[Stored data]
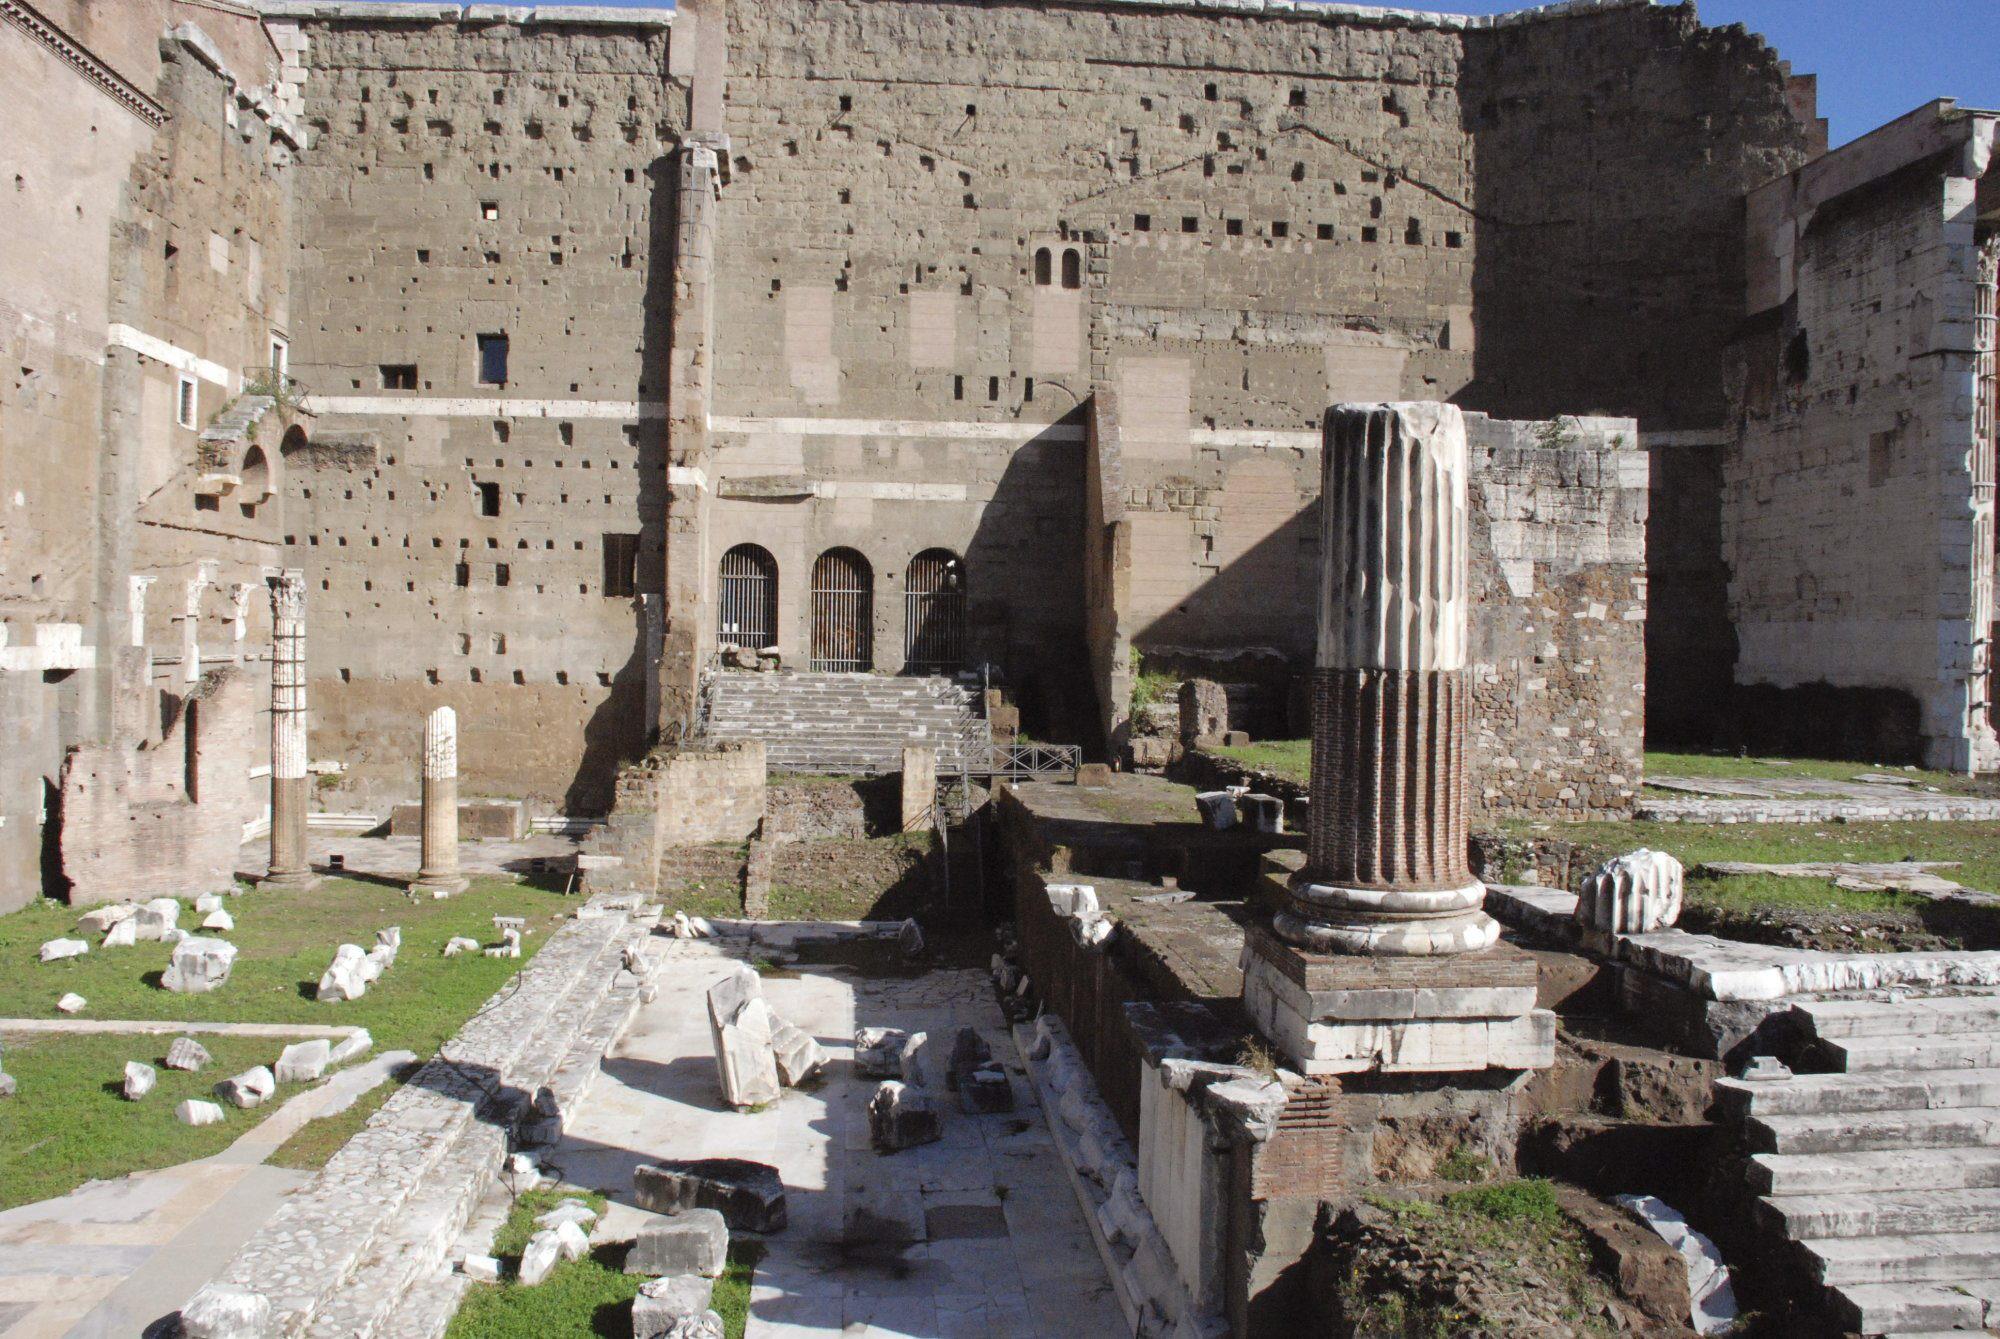 El Foro de Augusto en Roma cobrará vida gracias a la tecnología audiovisual
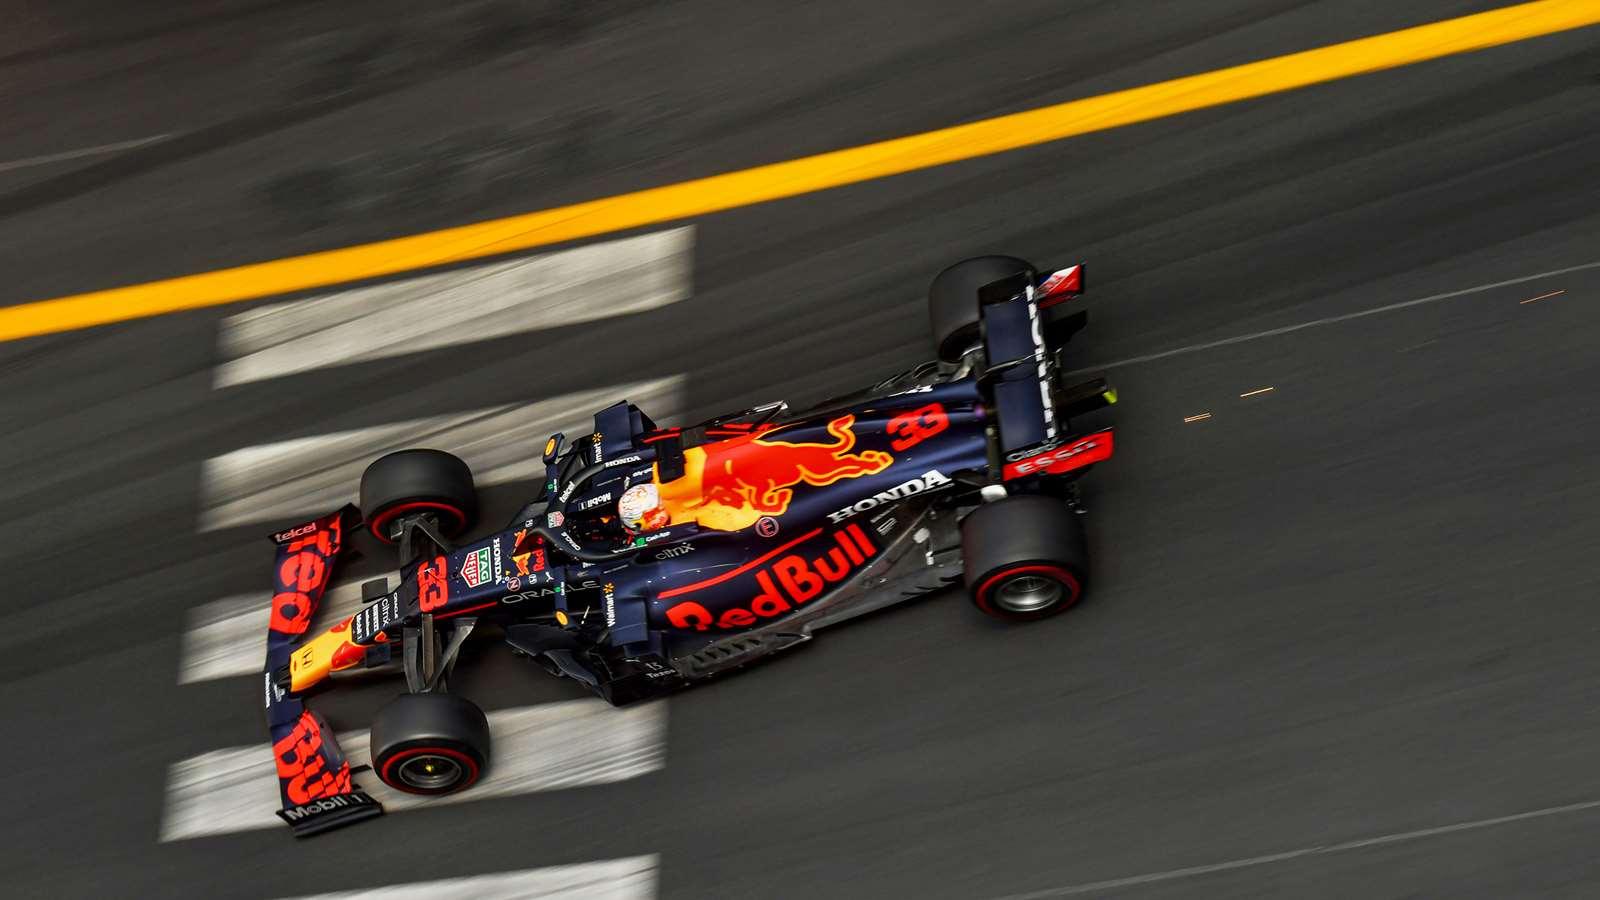 2021 Monaco Grand Prix, Max Verstappen, Red Bull
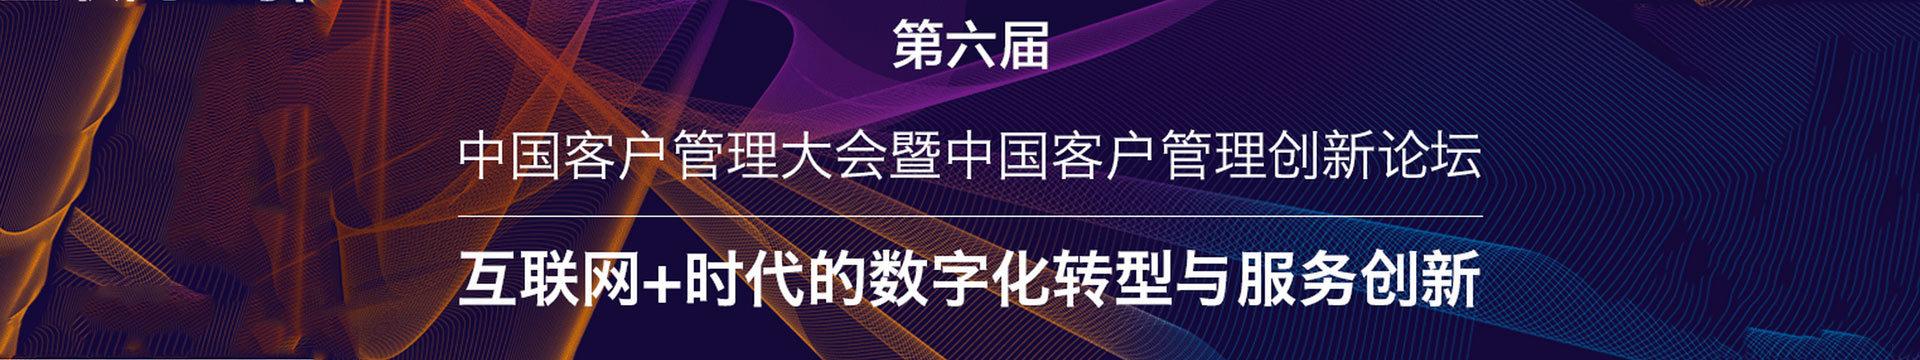 第六届中国客户管理大会暨中国客户管理创新论坛
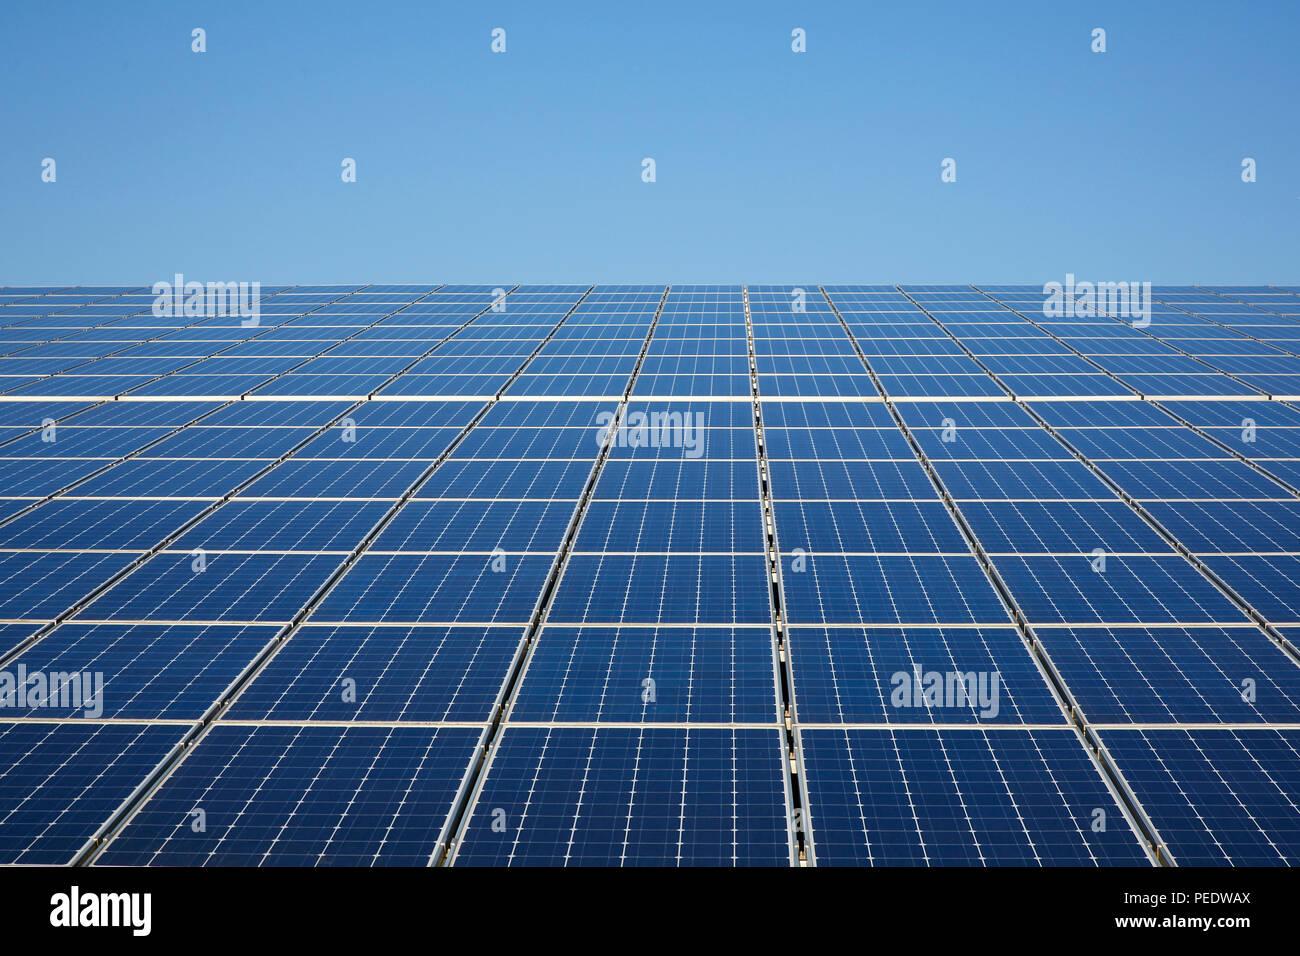 Solaranlage, Solarzellen auf Dach, Dithmarschen, Schleswig-Holstein, Deutschland - Stock Image
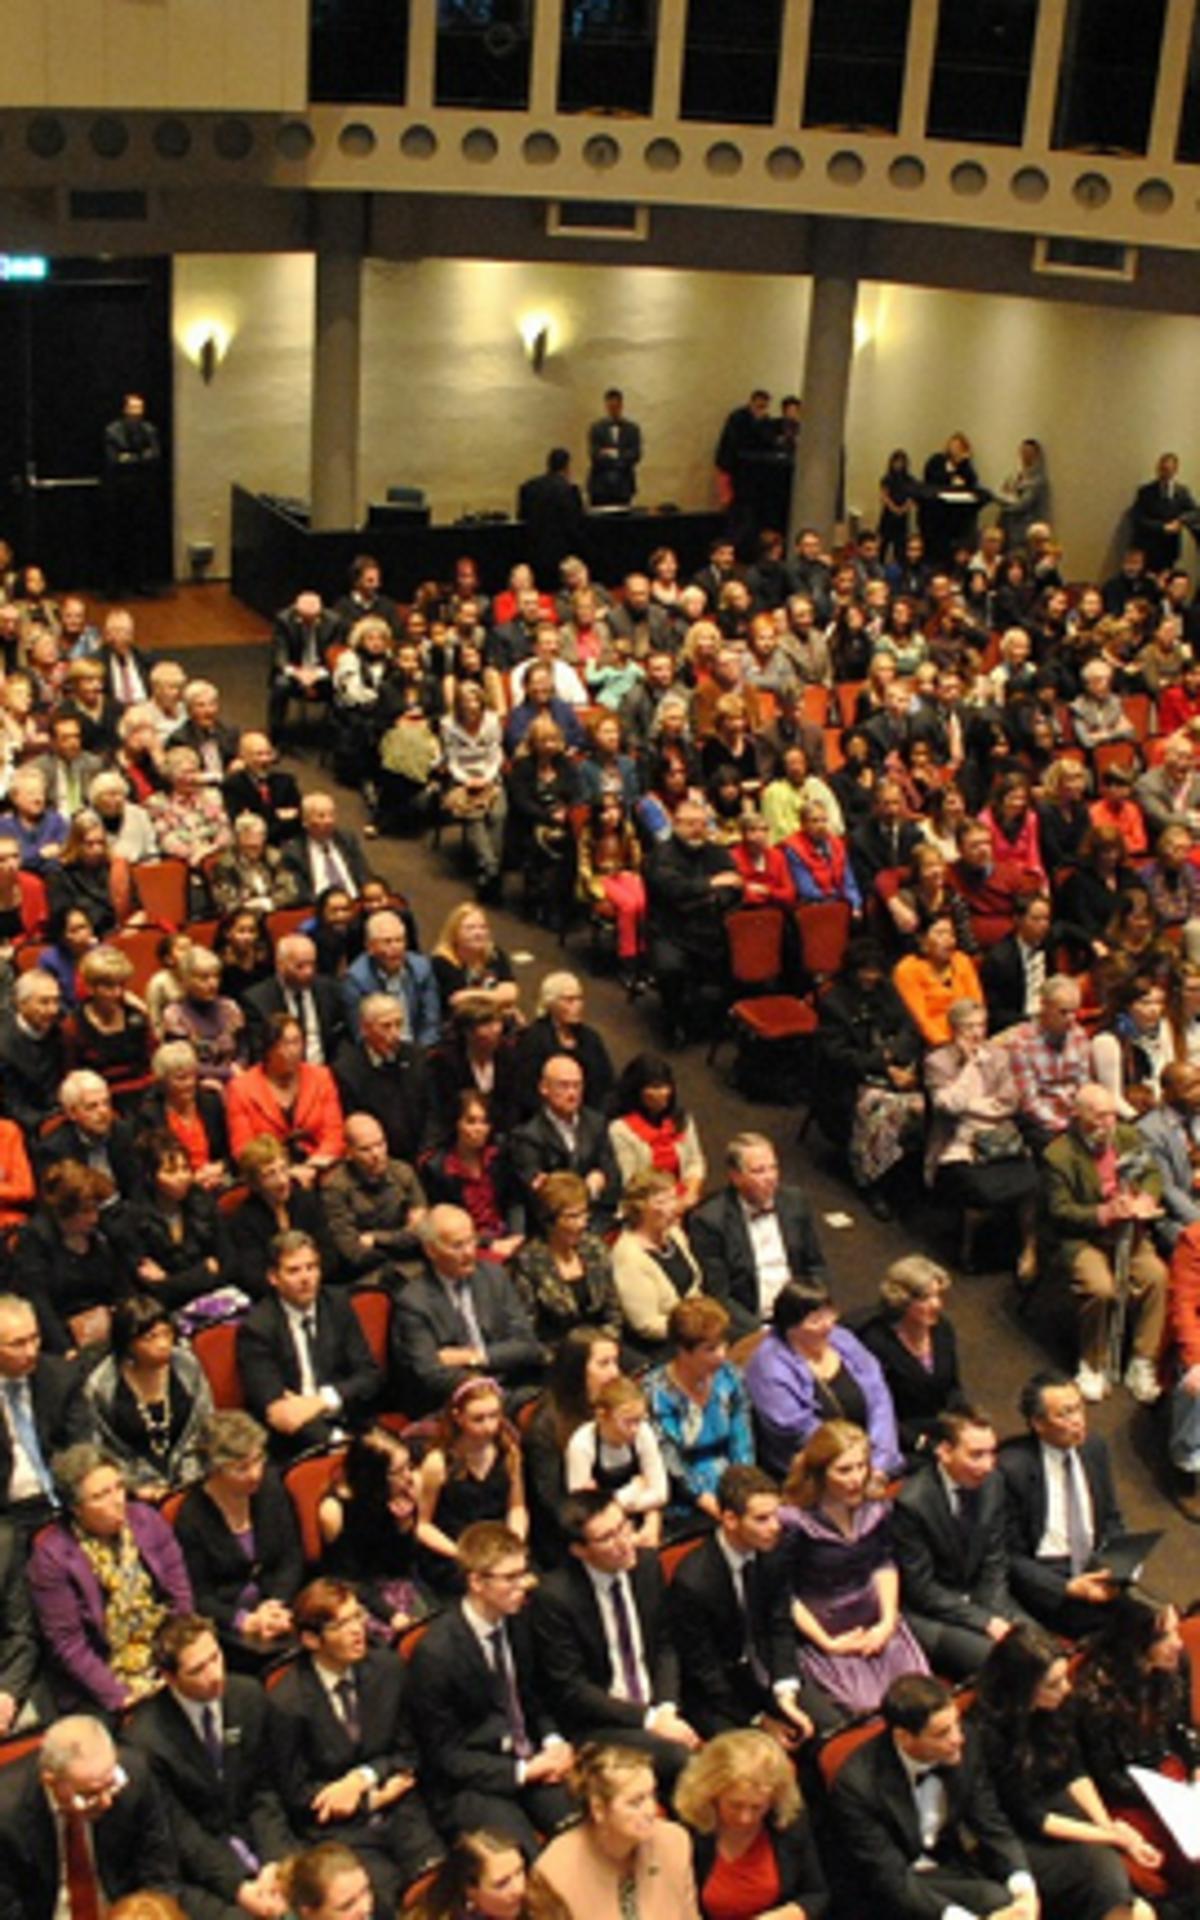 Kerstconcert Den Haag

● **Task brief**
Quote verbatim every line starting at the line that contains "Solaranlage, Solarzellen auf" and ending with the last line of the records; omit all pictures.

● **Output of the exercise**
 Solaranlage, Solarzellen auf Dach, Dithmarschen, Schleswig-Holstein, Deutschland - Stock Image
 Kerstconcert Den Haag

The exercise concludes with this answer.